This ain't no cure for the summertime blues
Norman Lamont
A BLUE TOMORROW edited by Edward Vaizey, Nicholas Boles and Michael Gove Politico's £9.99, pp. 227, ISBN 1842750275 Ihave to confess that I opened A Blue Tomorrow, a book of essays by younger Conservatives, with a good deal of foreboding. Indeed there is much predictable stuff about style wars, social liberalism, Section 28 and, above all, the need for opinion polls.
One wonders at this obsession with opinion polls. It is not as if the Conservative party in recent years has been other than obsessed already. These advocates of ever more opinion polls tend to quote them when they support their own social liberal opinions. In reality if policy were determined by opinion polls the Conservative party would have a platform of restoring capital punishment, withdrawing from Europe, retaining Section 28, repatriating asylum seekers and stopping all privatisation.
We are told that opinion polls are 'the difference between knowing and guessing'. There is no room for 'believing'. It all reads like a lot of young men, affronted by a Conservative party out of office, and desperate to get jobs as special advisers in Whitehall. There is no sense that a party exists as a collective vehicle to sustain and fight for certain beliefs.
In recent years the Conservative party has attracted refugees from the SDP who do not understand the party. Such people were drawn by Mrs Thatcher's radicalism without seeing that, brilliant as she was, she was also a historical aberration. The new radicals argue that the emphasis upon freedom and the individual should be carried forward from the economic sphere into the social. Mrs Thatcher herself, of course, never thought like this, even though on matters of sexual morality she is never remotely censorious.

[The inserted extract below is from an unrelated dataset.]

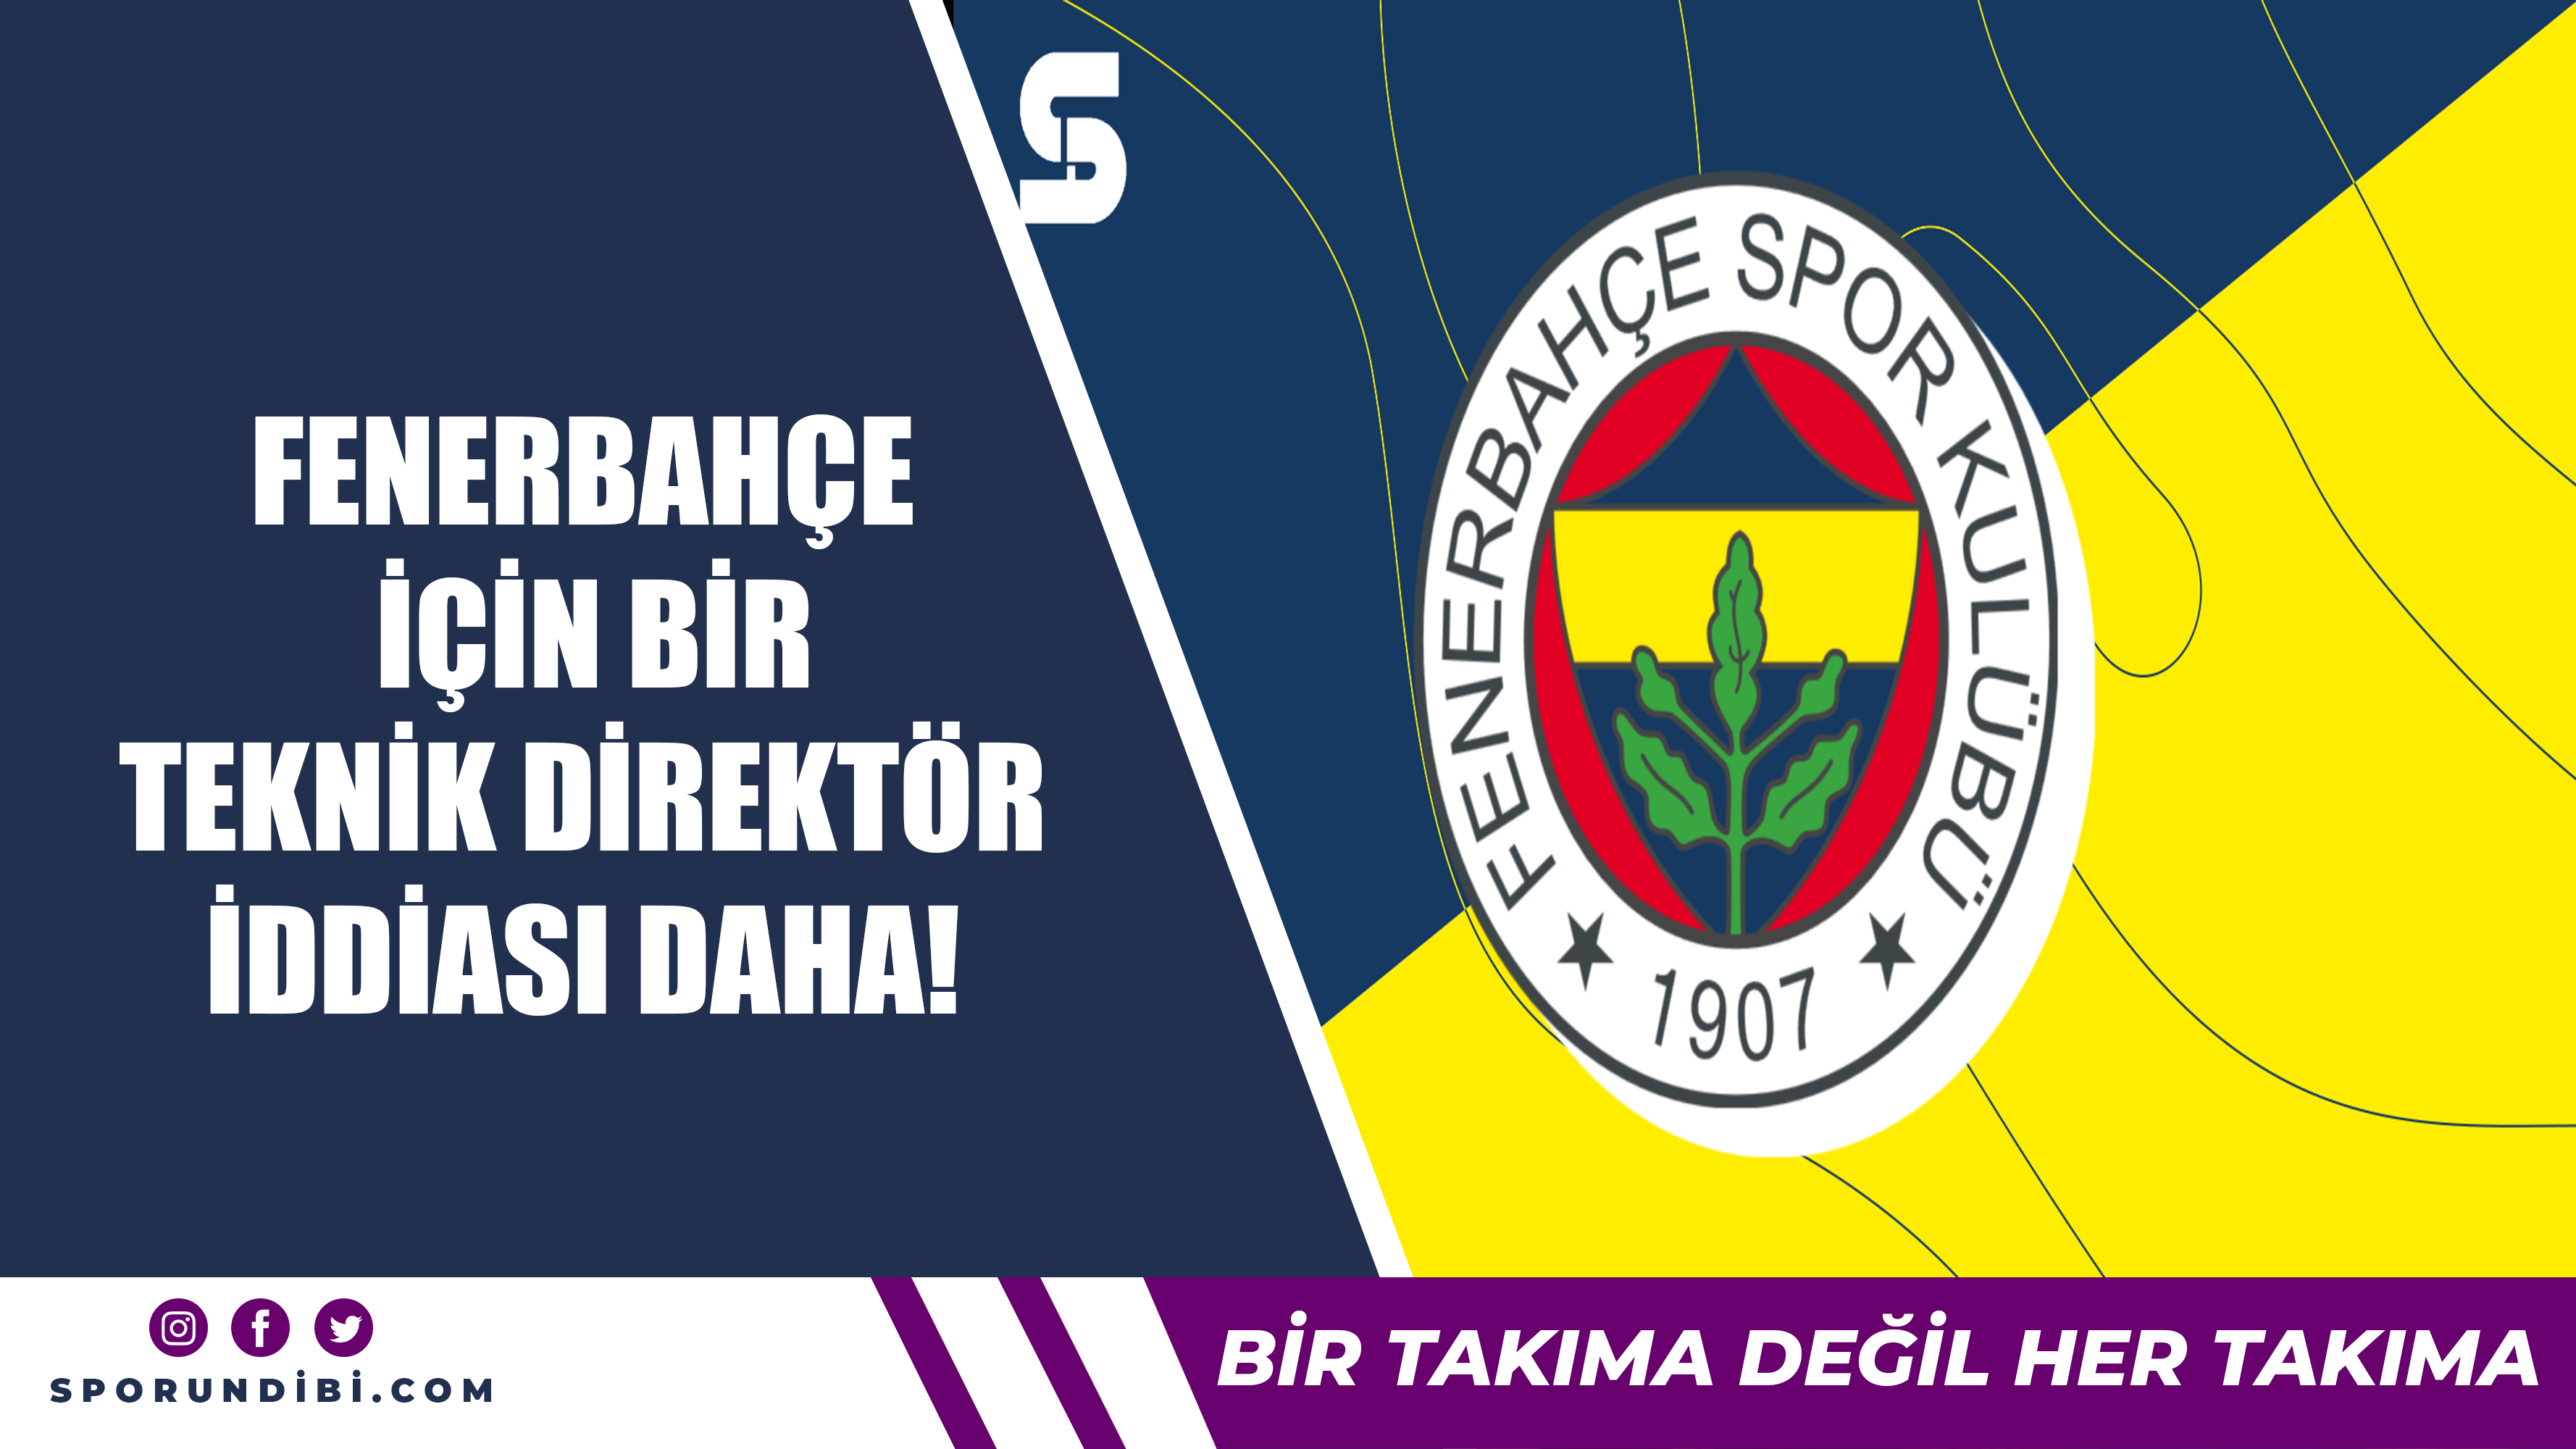 Fenerbahçe için bir teknik direktör iddiası daha!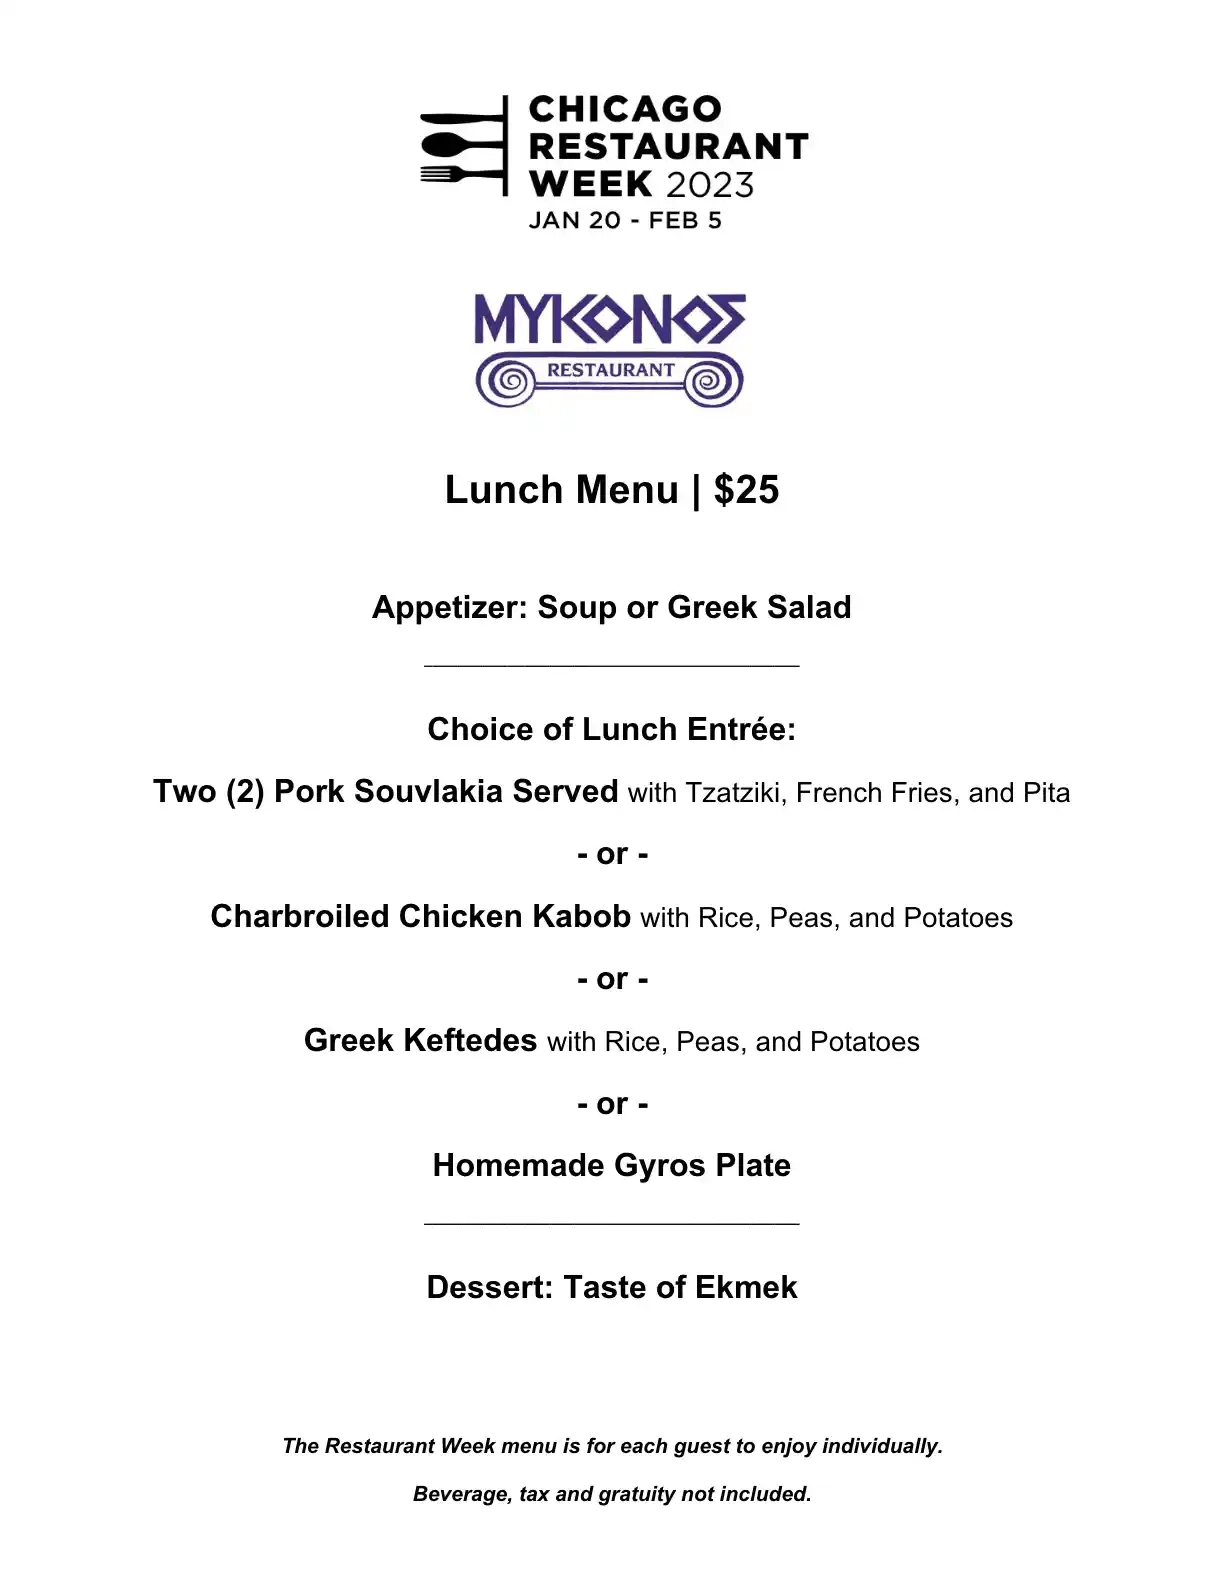 Chicago Restaurant Week 2023 Menu Mykonos Lunch

The Conservative party is not a libertarian party and no one with any sense of history could believe it ever could be. It should be a civilised and tolerant party. But, as its name implies, it is about tradition, authority, evolutionary change, established institutions, the nation state and the countryside — on which, needless to say, there is no chapter in this book.
For a long time the Conservative party has had an easy ride, benefiting from the fear of socialism. Mrs Thatcher destroyed socialism but in so doing removed the motive of many to vote Conservative.
That is the central problem. We can no longer rely on an automatic vote. It means that politics will often be about personalities, and style as well as policy. In fact, there is much in this book that is well written and thoughtful. The Conservative party's best chance of getting elected is to convince people it has policies which will change their lives for the better. At the moment everyone believes that the next election is going to be about public services, but these things often change.
Conservative think tanks are not what they were: too many glossy pamphlets but not enough detail. William Hague had an impossible task as leader, but his greatest mistake was not to embark on his own root and branch review of policy. We didn't coopt the brightest and the best from the universities.
But Messrs Platt and Glendenning, in their chapters, highlight style and tone. In the Eighties the party needed a rhetoric that was tough and aggressive, because radical change was necessary. As the economic transformation was completed, the tone needed to alter, but it didn't. A gentler accent is still needed today.
Rightly, the authors stress that the Conservative party desperately needs to open up the party to ethnic minorities. One issue, as Norman Tebbitt has pointed out, that attracted support from mosques, synagogues and black evangelical churches was Section 28. Re-opening that issue might conflict with 'greater inclusivity'.
The Conservative party's situation is difficult but not impossible. It faces the same dilemma of right-wing parties all over the world. But the Right has fought back in the United States, Spain and, most surprisingly of all, Italy.
The best essays in this book address modern values from a traditional setting. Aidan Rankin, in a brilliant contribution, identifies the strength of the Conservative party as its absence of dogma, and so firmly rejects a rigid political correctness that rides roughshod over individual differences and favours certain groups while casting others as villains. Same-sex relationships cannot be reduced to ideological totems. His prescription is that Tories should start thinking of themselves as 'Post-Modern Traditionalists' — Burke in a world of internet cafés and plate-glass architecture? That may sound paradoxical, nonsensical, impossible to others. It doesn't sound much like lain Duncan Smith. But it is exactly what the Conservative party has to embrace.